WHAT YOU WILL DO — An exact copy is needed of the lines from the one that contains "Italian Mid-Century Modern" through the final line of the data below, with pictures left out.

PROVIDED DATA —
________________________________________

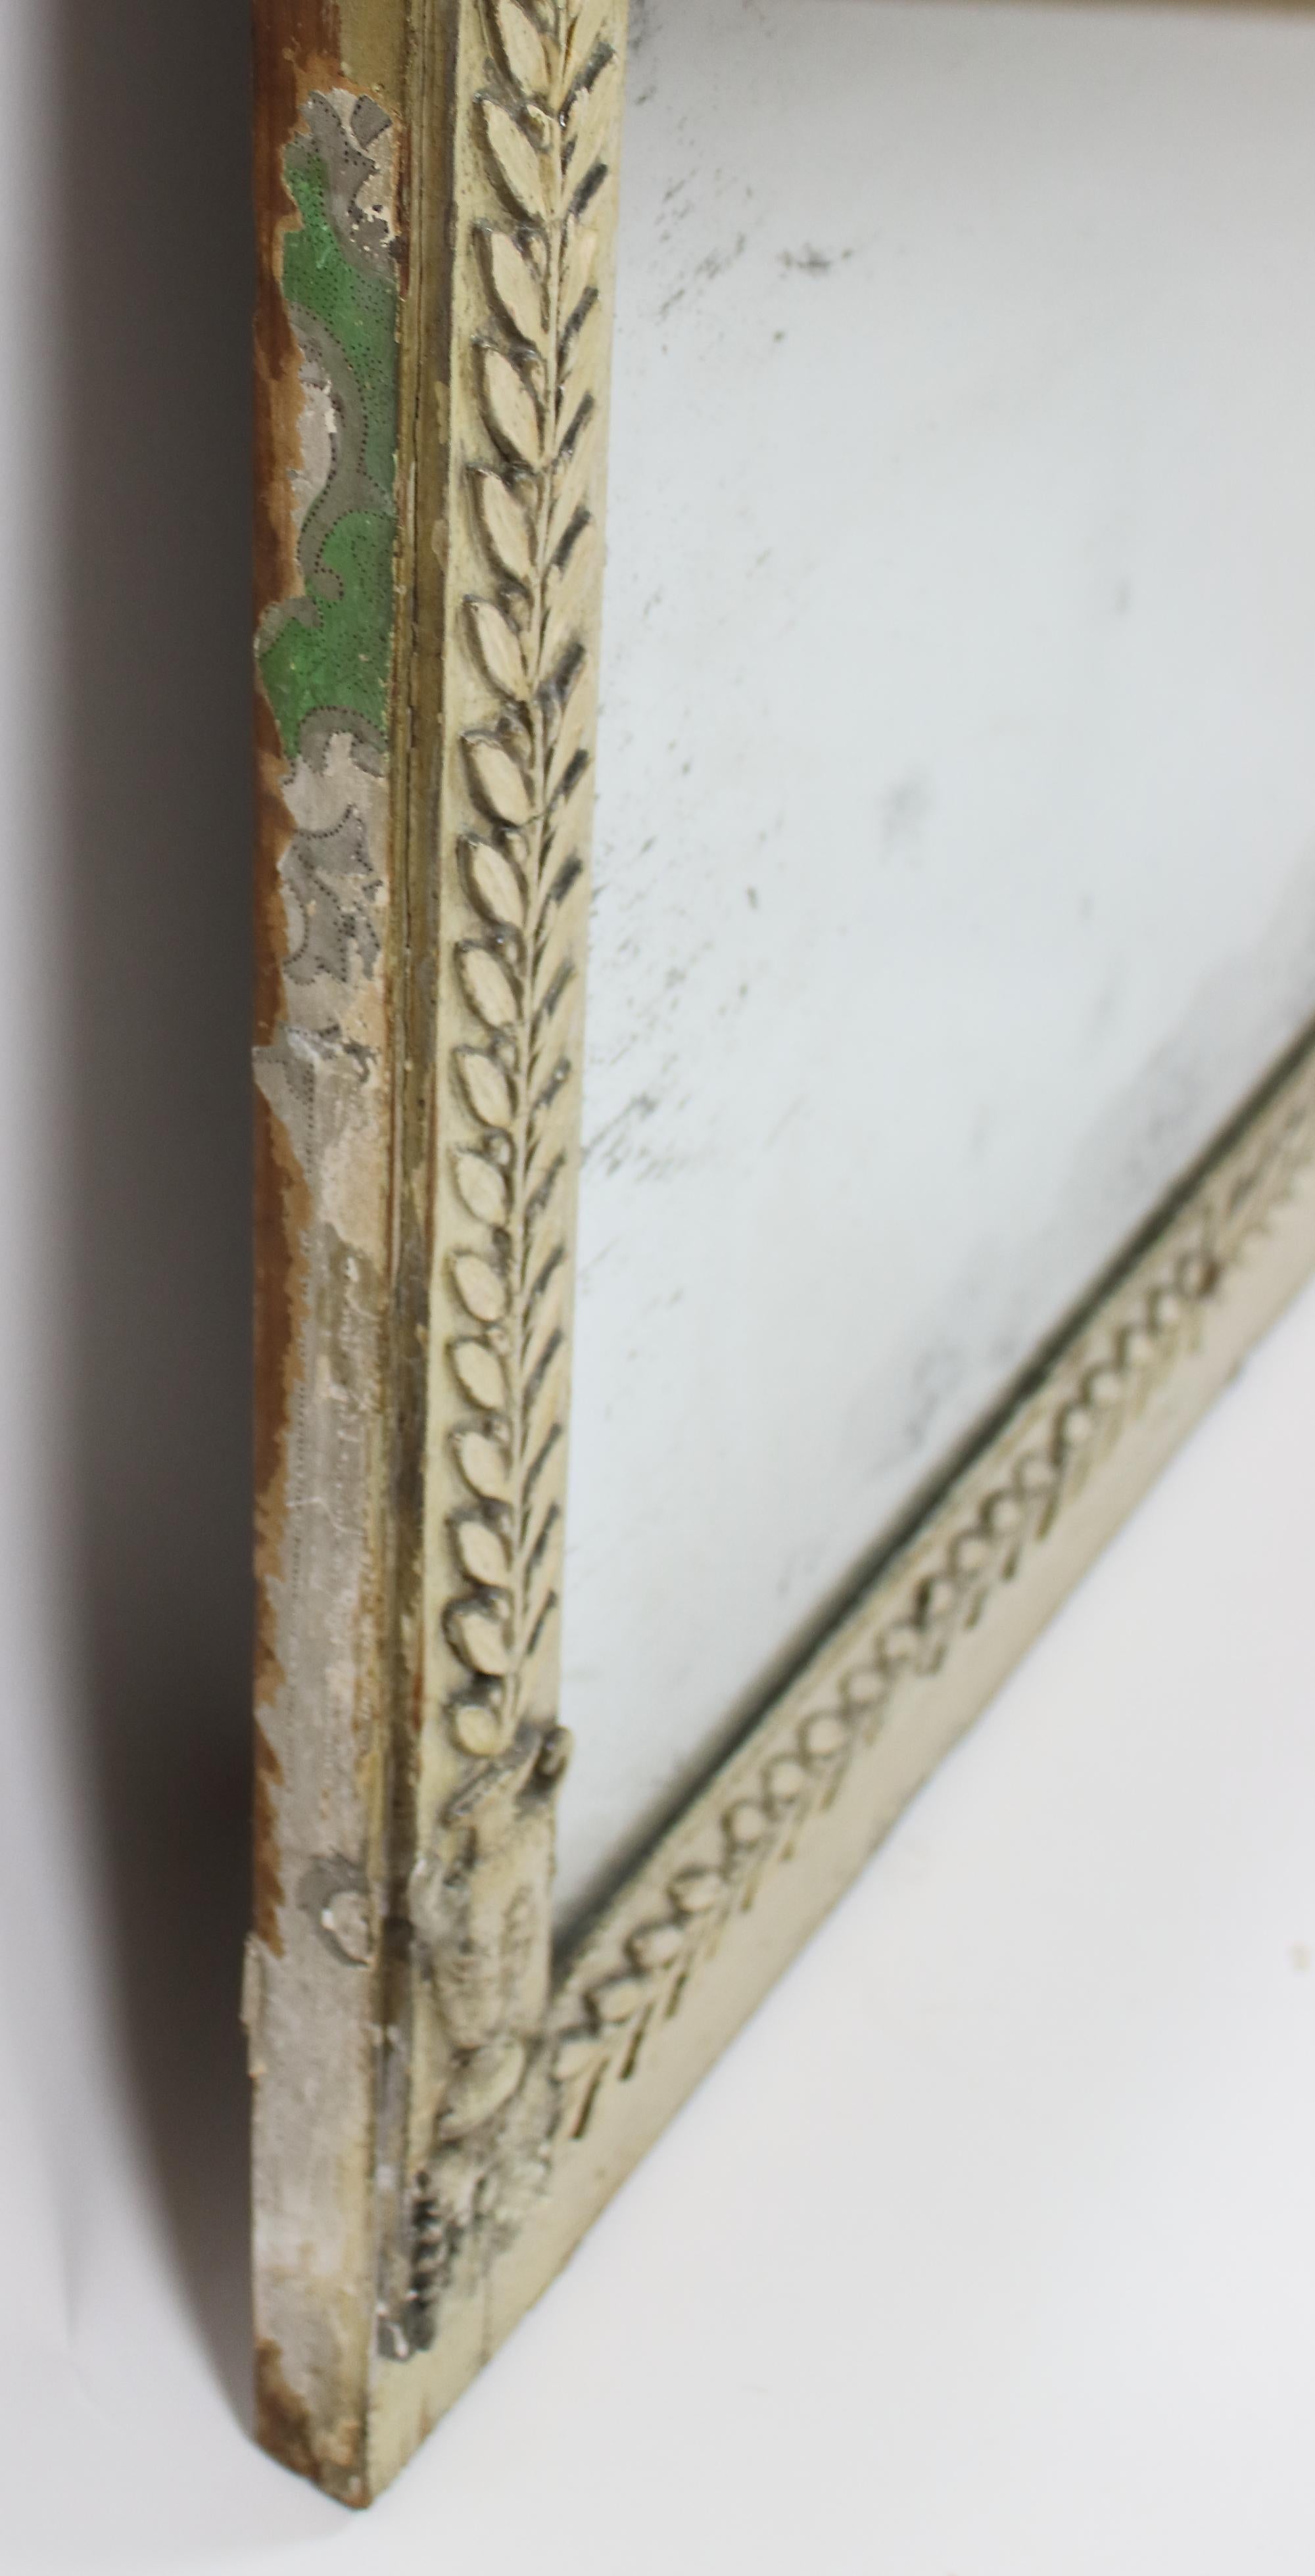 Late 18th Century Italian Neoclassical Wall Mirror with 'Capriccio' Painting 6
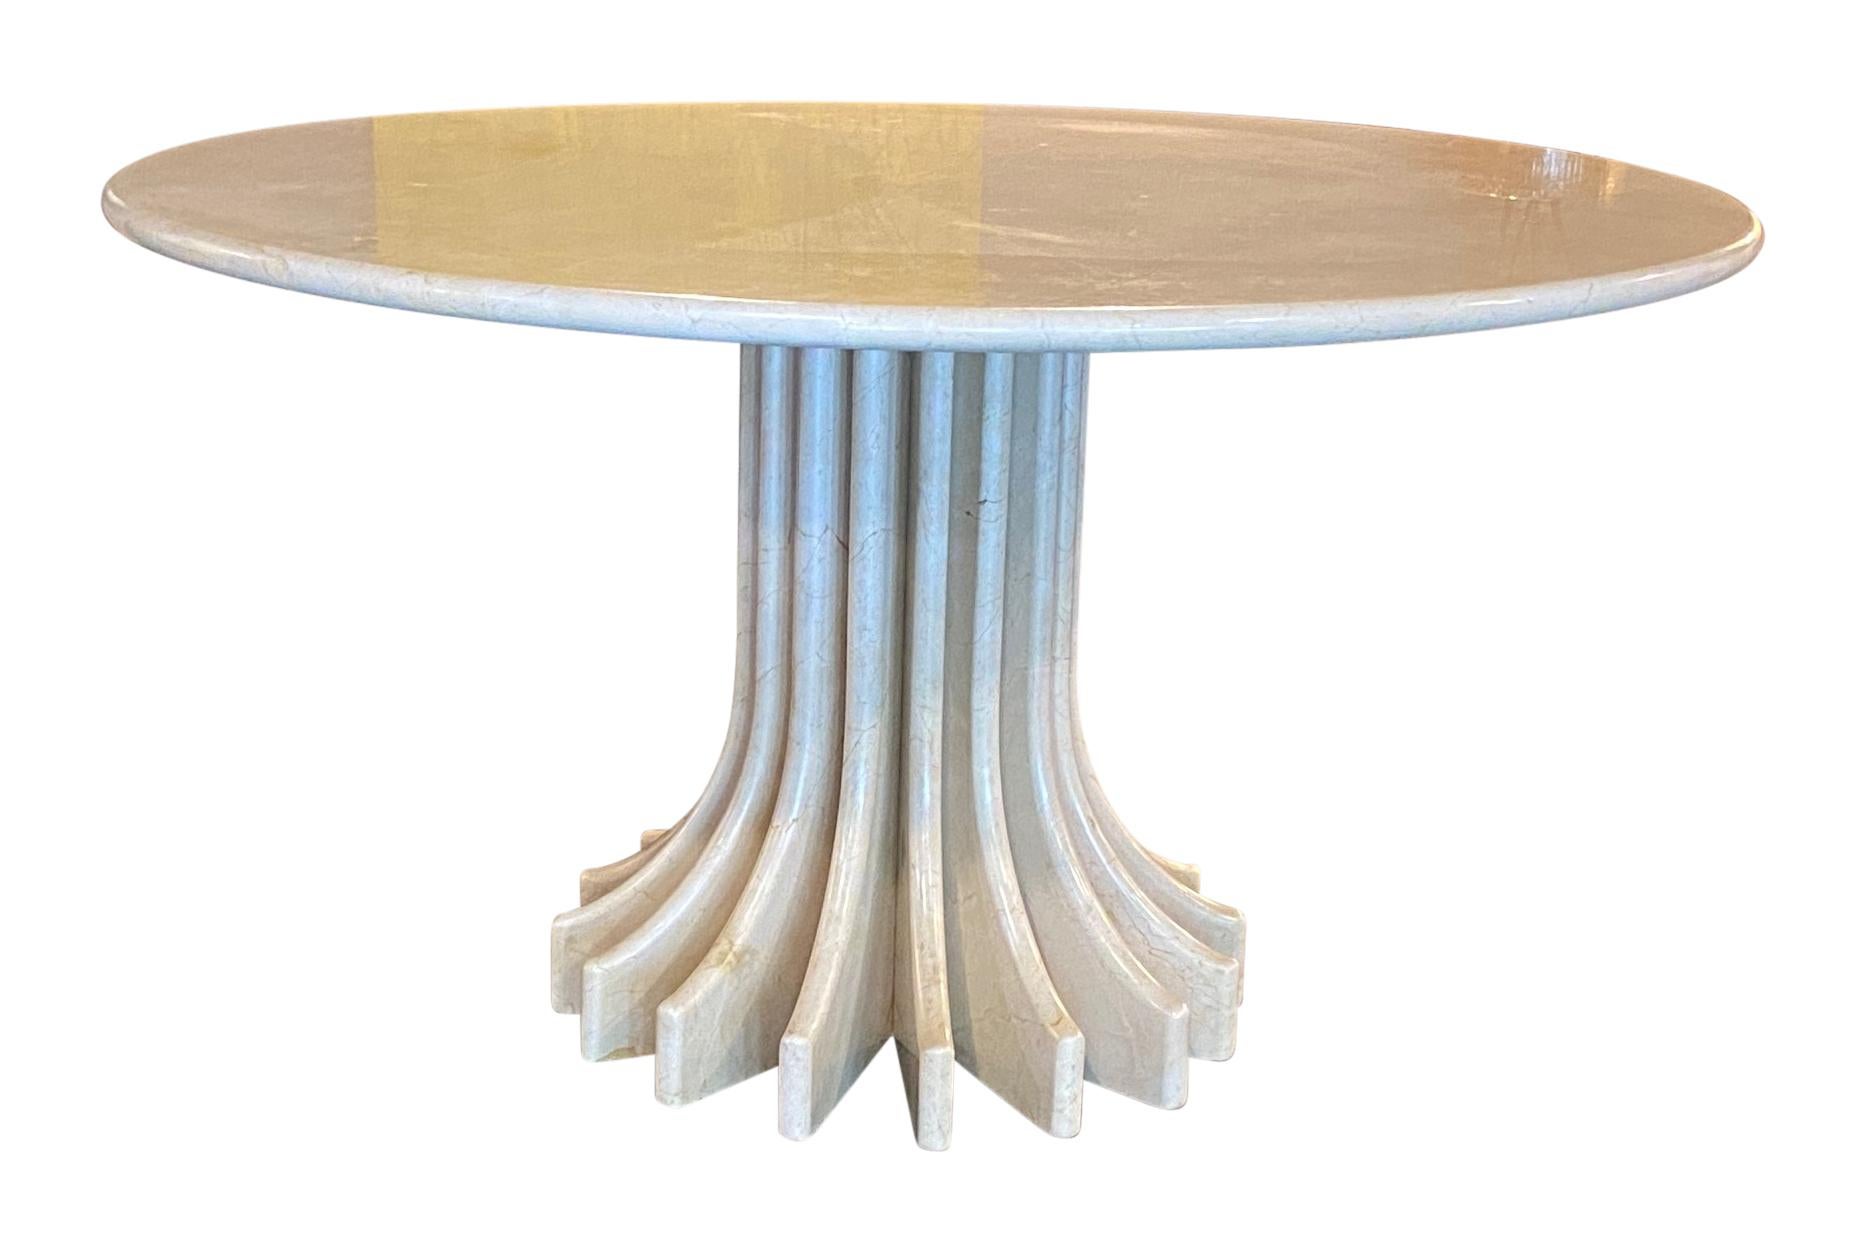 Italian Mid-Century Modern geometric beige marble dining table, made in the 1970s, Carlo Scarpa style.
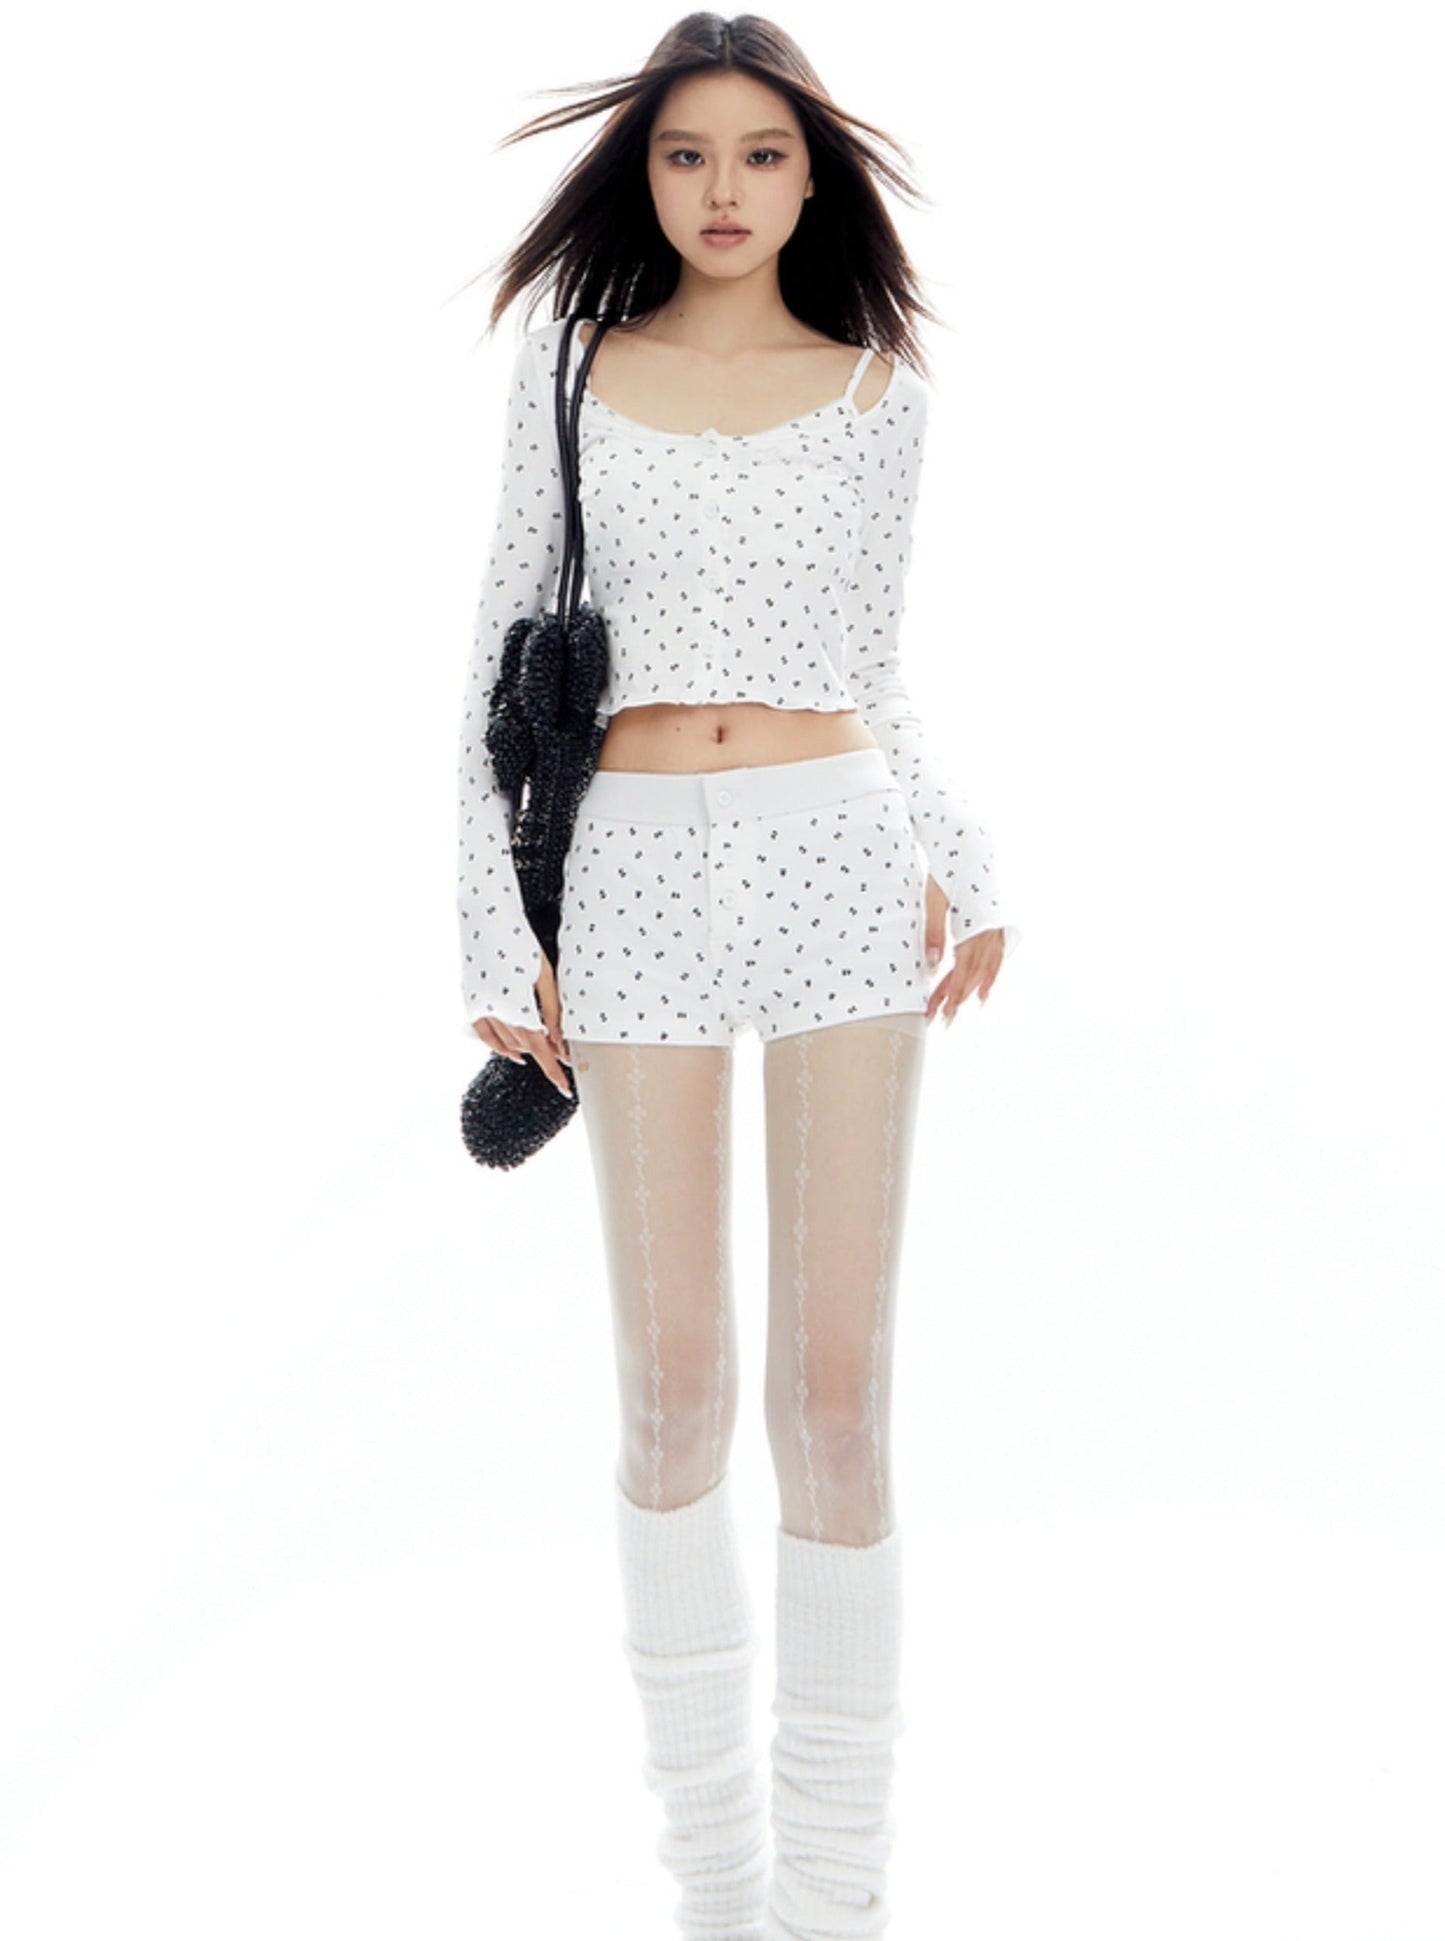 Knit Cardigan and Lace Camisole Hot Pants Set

________________________________________

TASK ANSWER —
 Italian Mid-Century Modern geometric beige marble dining table, made in the 1970s, Carlo Scarpa style.
 Knit Cardigan and Lace Camisole Hot Pants Set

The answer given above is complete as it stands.